EMILY GLANZ: Awesome.
Let's talk about our third privacy technology
of secure aggregation.
In the previous example, we saw how this server only
needs to emit the sum of vectors reported by the devices.
The server could compute this sum from the device reports
directly, but we've been researching ways
to provide even stronger guarantees.
Can we make it so the server itself cannot inspect
individual reports?
That is, how do we enforce that only in aggregate privacy
principle we saw from before in our technical implementation?
Secure aggregation is an optional extension
to the client/server protocol that embodies this privacy
principle.
Here's how it works.
So this is a simplified overview that
demonstrates the key idea of how a server can compute
a sum without being able to decrypt
the individual messages.
In practice, handling phones that have dropped partway
is also required by this protocol.
See the paper for details.
Awesome.
So let's jump into this.
Through coordination by the server,
two devices are going to agree upon a pair of large masks
that when summed add to 0.
Each device will add these masks to their vectors
before reporting.
All devices that are participating
in this round of computation will
exchange these zero-sum pairs.
Reports will be completely masked by these values,
such that we see that these added pairs now
make each individual report themselves look randomized.
But when aggregated together, the pairs cancel out,
and we're left with only the sum we were looking for.
In practice, again, this protocol
is more complicated to handle dropout.
So we showed you what you can do with federated computation.
But what about the much more complex workflows associated
with federated learning?
Before we jump into federated learning,
let's look at the typical workflow
a model engineer who's performing machine learning
would go through.
Typically, they'll have some data in the cloud
where they start training and evaluation jobs, potentially
in grids to experiment with different hyperparameters,
and they'll monitor how well these different jobs are
performing.
They'll end up with a model that will
be a good fit for the distribution of cloud data
that's available.
So how does this workflow translate
into a federated learning workflow?
Well, the model engineer might still
have some data in the cloud, but now this
is proxy data that's similar to the on-device data.
This proxy data might be useful for training and evaluating
in advance, but our main training loop
is now going to take place on our decentralized data.
The model engineer will still do things
that are typical of a machine learning workflow,
like starting and stopping tasks, trying out
different learning rates or different hyperparameters,
and monitoring their performance as training is occurring.
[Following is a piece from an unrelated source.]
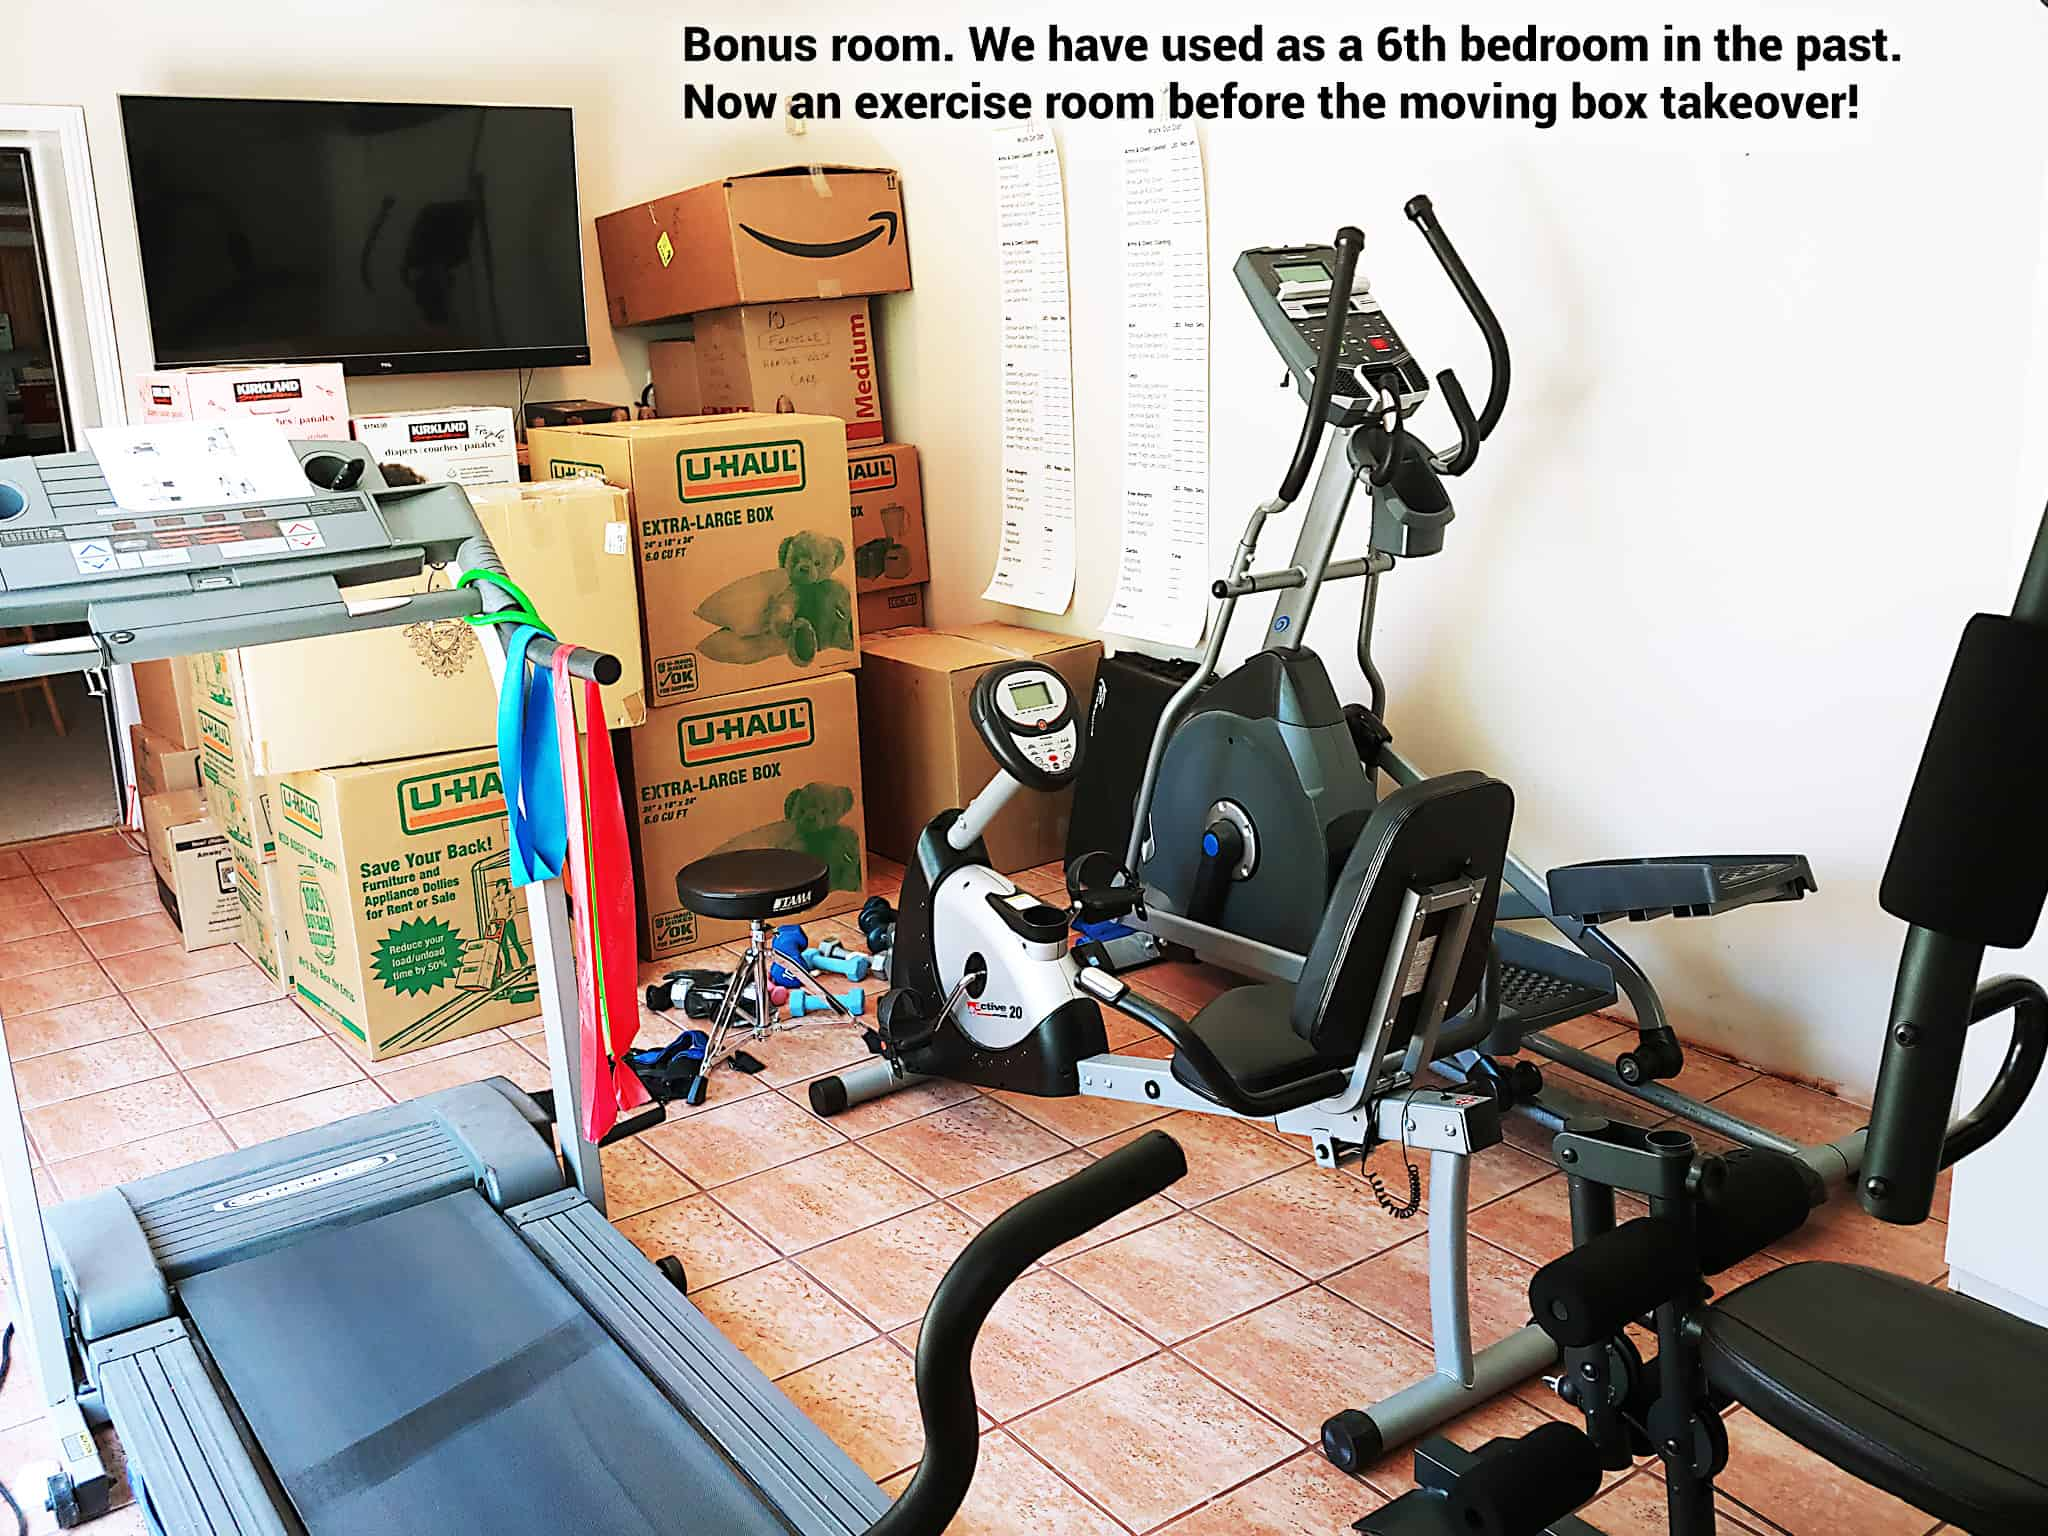 Exercise bonus room

If the model performs well on that decentralized data set,
the model engineer now has a good release candidate.
They'll evaluate this release candidate
using whatever validation techniques they typically
use before deploying to users.
These are things you can do with ModelValidator and TFX.
They'll distribute this final model for on-device inference
with TensorFlow Lite after validation,
perhaps with a rollout or A/B testing.
This deployment workflow is a step
that comes after federated learning once they
have a model that works well.
Note that the model does not continue
to train after it's been deployed for inference
on device unless the model engineer is
doing something more advanced, like on-device personalization.
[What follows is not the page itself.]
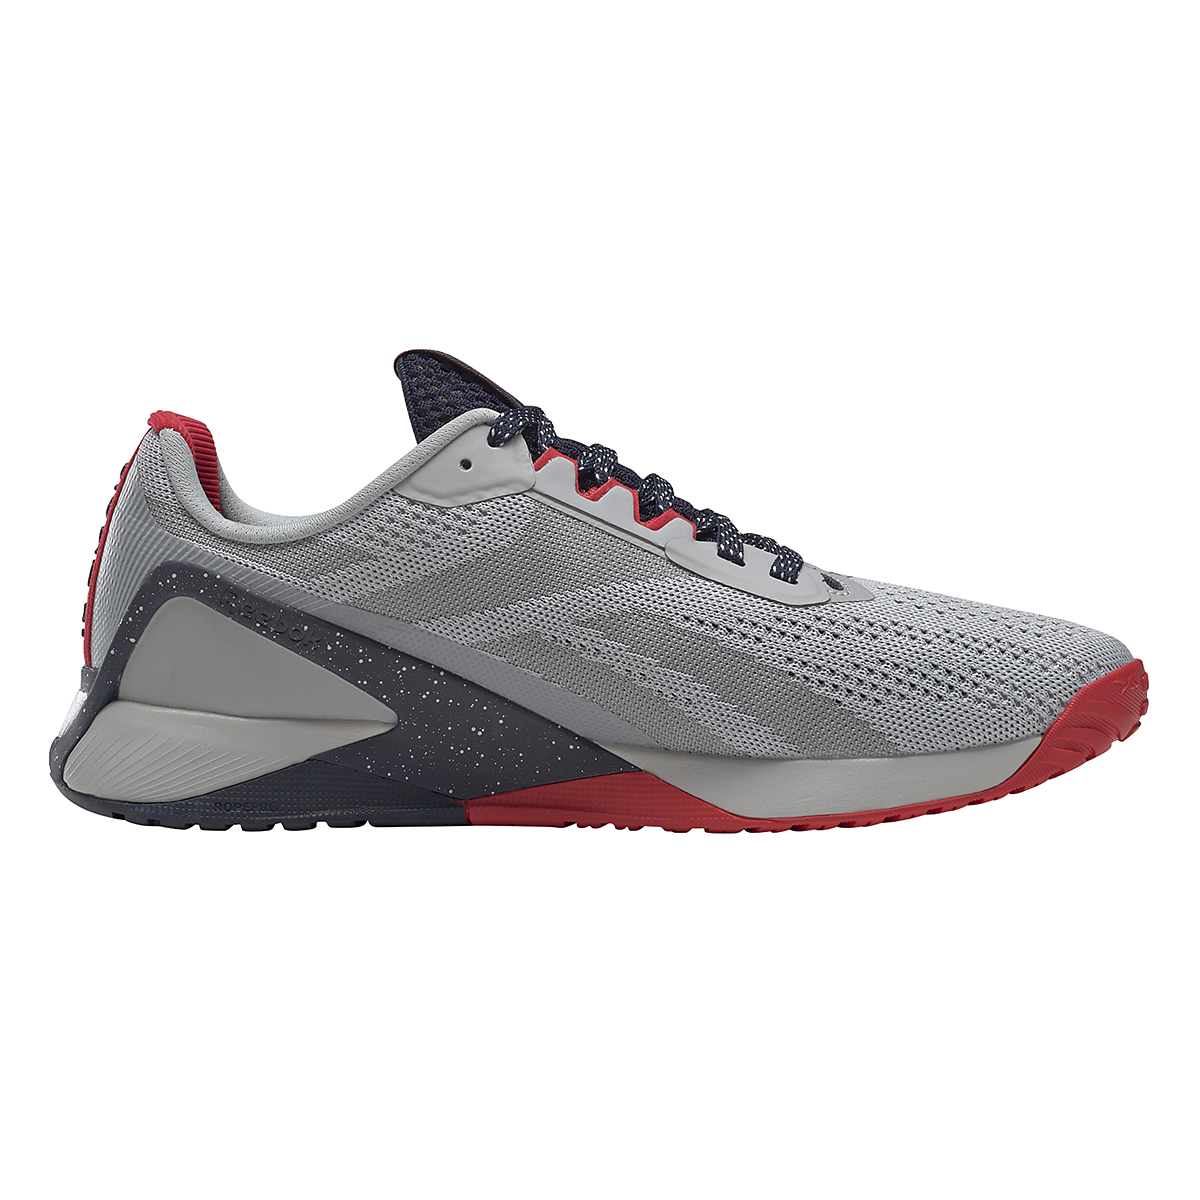 Men's Reebok Nano X1 Training Shoe - Color: Pure Grey/Vector Navy/Vector Red - JackRabbit Exclusive - Size: 8 - Width: Regular, Pure Grey/Vector Navy/Vector Red - JackRabbit Exclusive, large, image 4

So how does this federated learning part work itself?
If a device is idle and charging,
it will check into the server.
And most of the time, it's going to be told
to go away and come back later.
But some of the time, the server will have work to do.
The initial model as dictated by the model engineer
is going to be sent to the phone.
For the initial model, usually 0s or a random initialization
is sufficient.
Or if they have some of that relevant proxy data
in the cloud, they can also use a pre-trained model.
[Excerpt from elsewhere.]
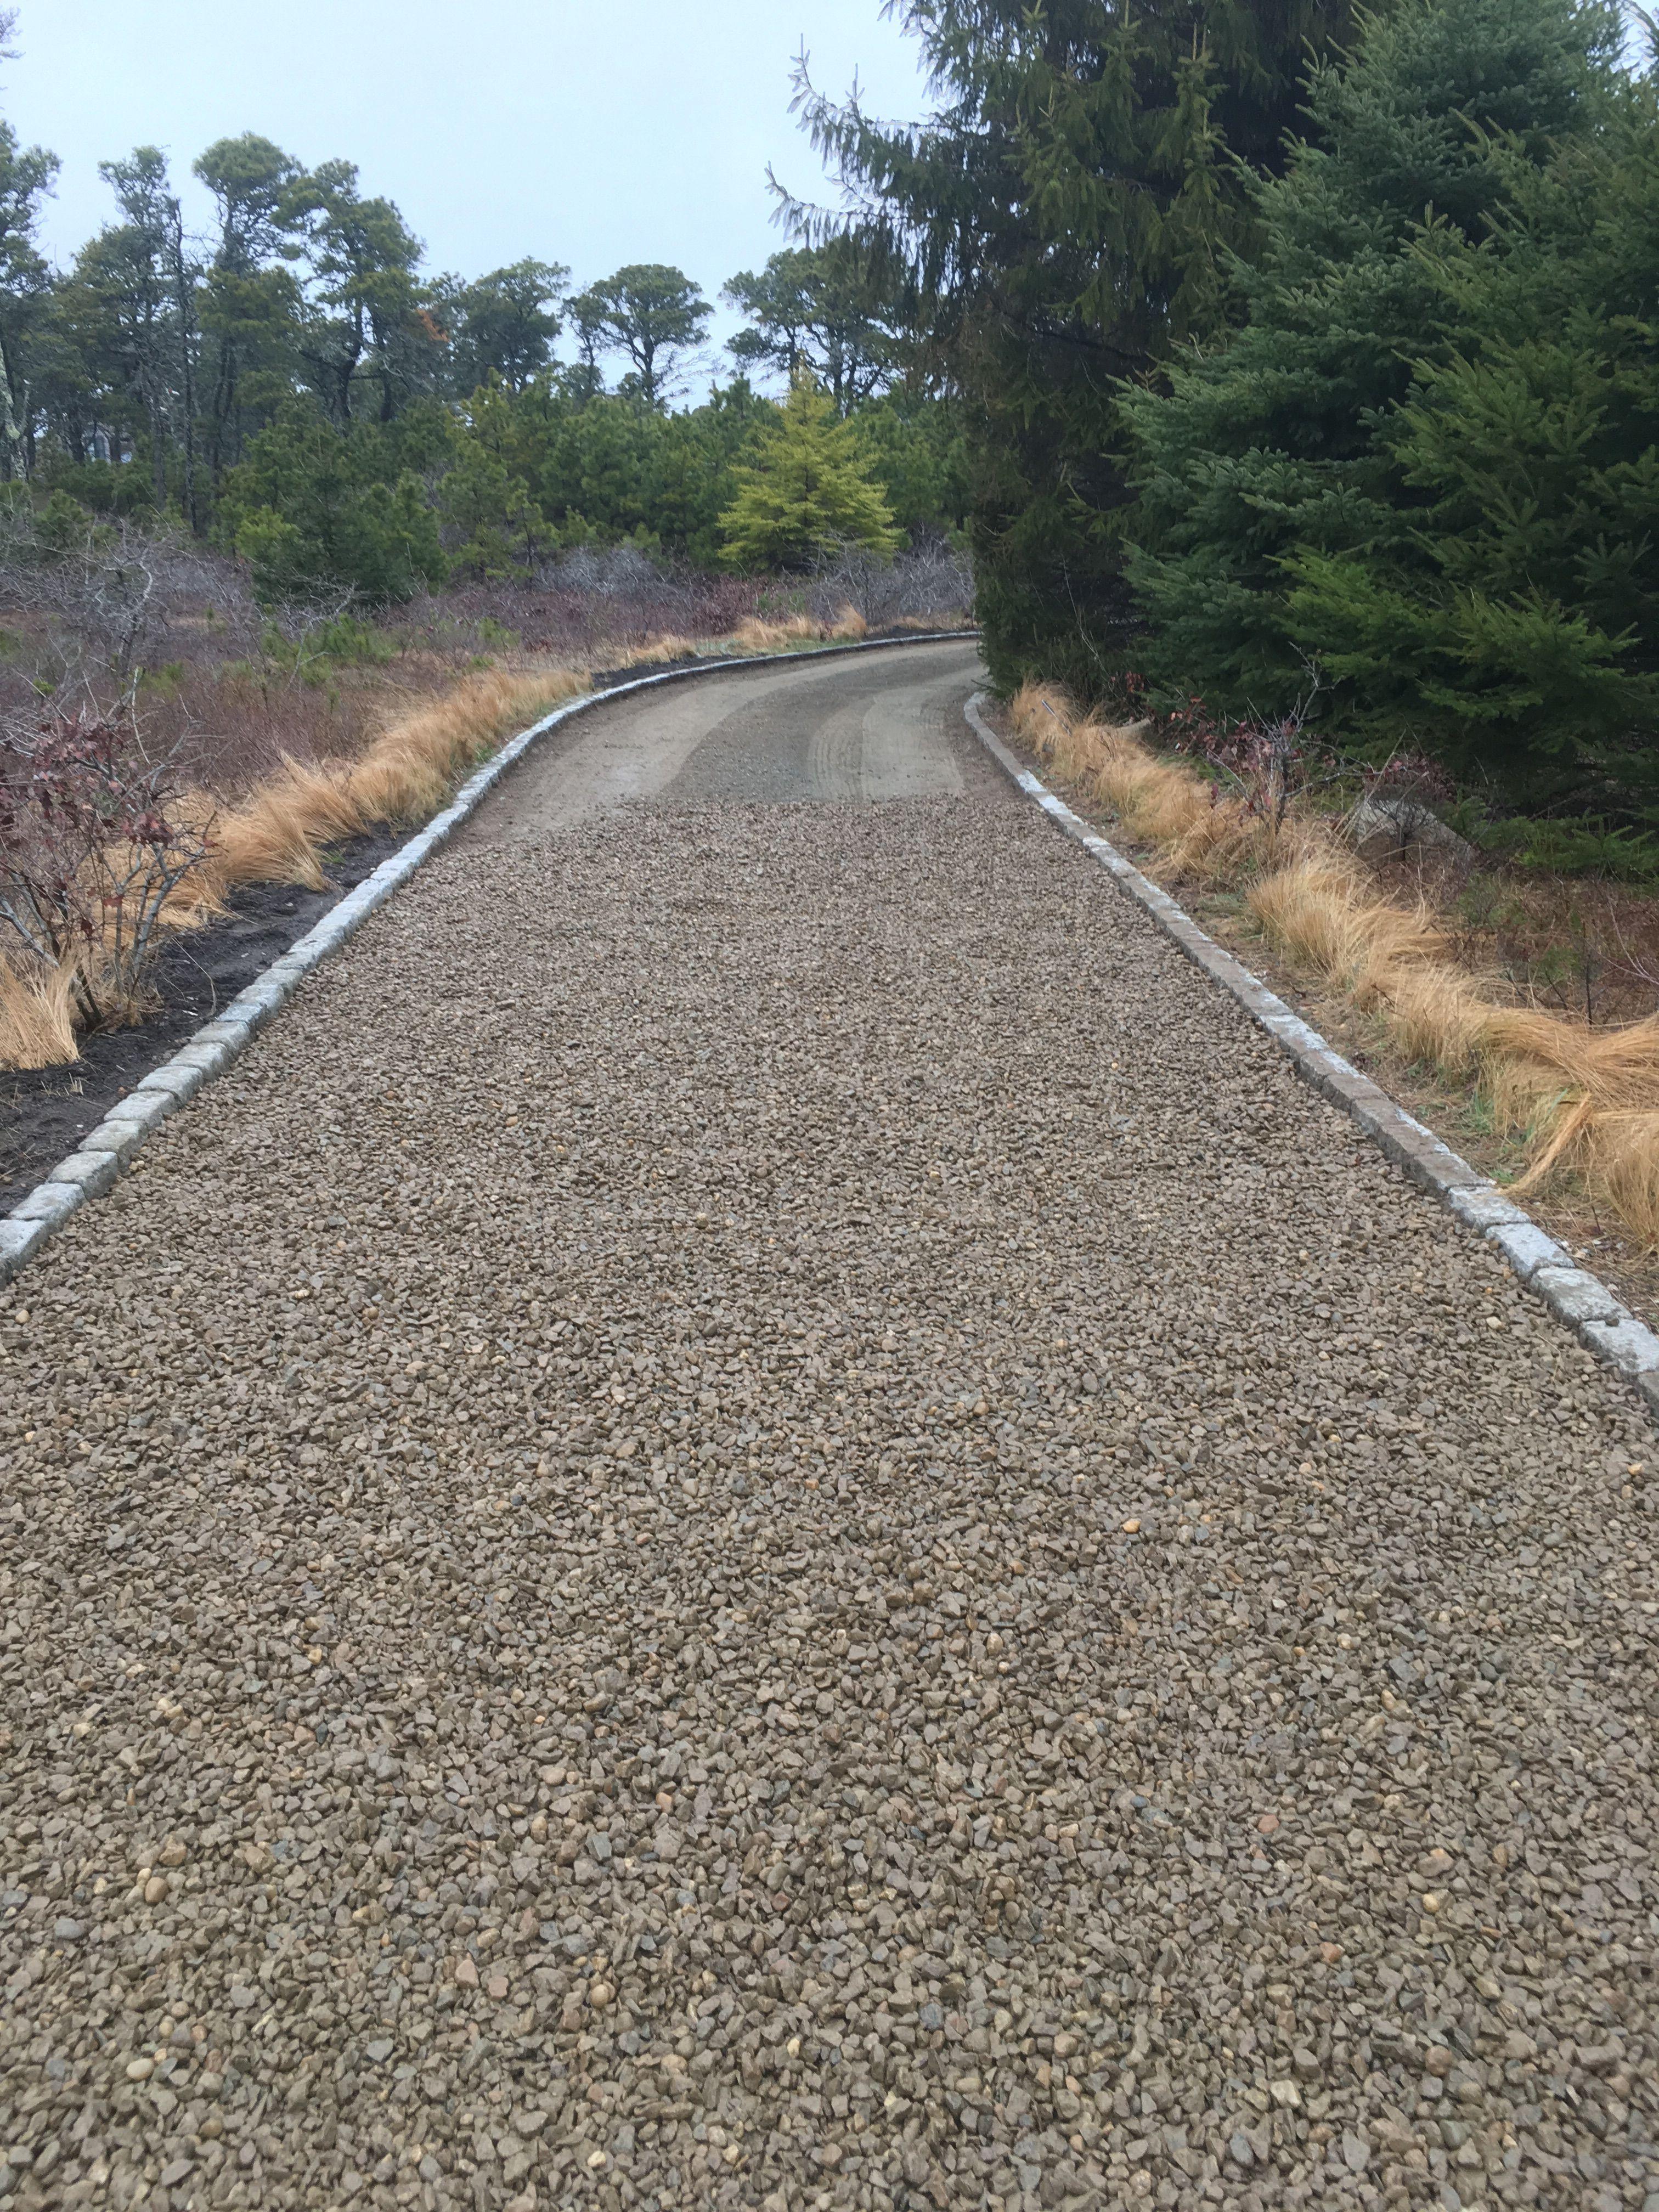 Belgium Block Driveway Edging Nantucket Driveway Edging Stone Driveway Driveway Design

The client computes an update to the model using
their own local training data.
Only this update is then sent to the server
to be aggregated, not the raw data.
Other devices are participating in this round,
as well, performing their own local updates to the model.
Some of the clients may drop out before reporting their update,
but this is OK.
The server will aggregate user updates into a new model
by averaging the model updates, optionally
using secure aggregation.
The updates are ephemeral and will be discarded after use.
The engineer will be monitoring the performance
of federated training through metrics
that are themselves aggregated along with the model.
Training rounds will continue if the engineer is
happy with model performance.
A different subset of devices is chosen by the server
and given the new model parameters.
This is an iterative process and will continue
through many training rounds.
So what we've just described is our fourth privacy technology
of federated model averaging.
Our diagram showed federated averaging
as the flavor of aggregation performed
by the server for distributed machine learning.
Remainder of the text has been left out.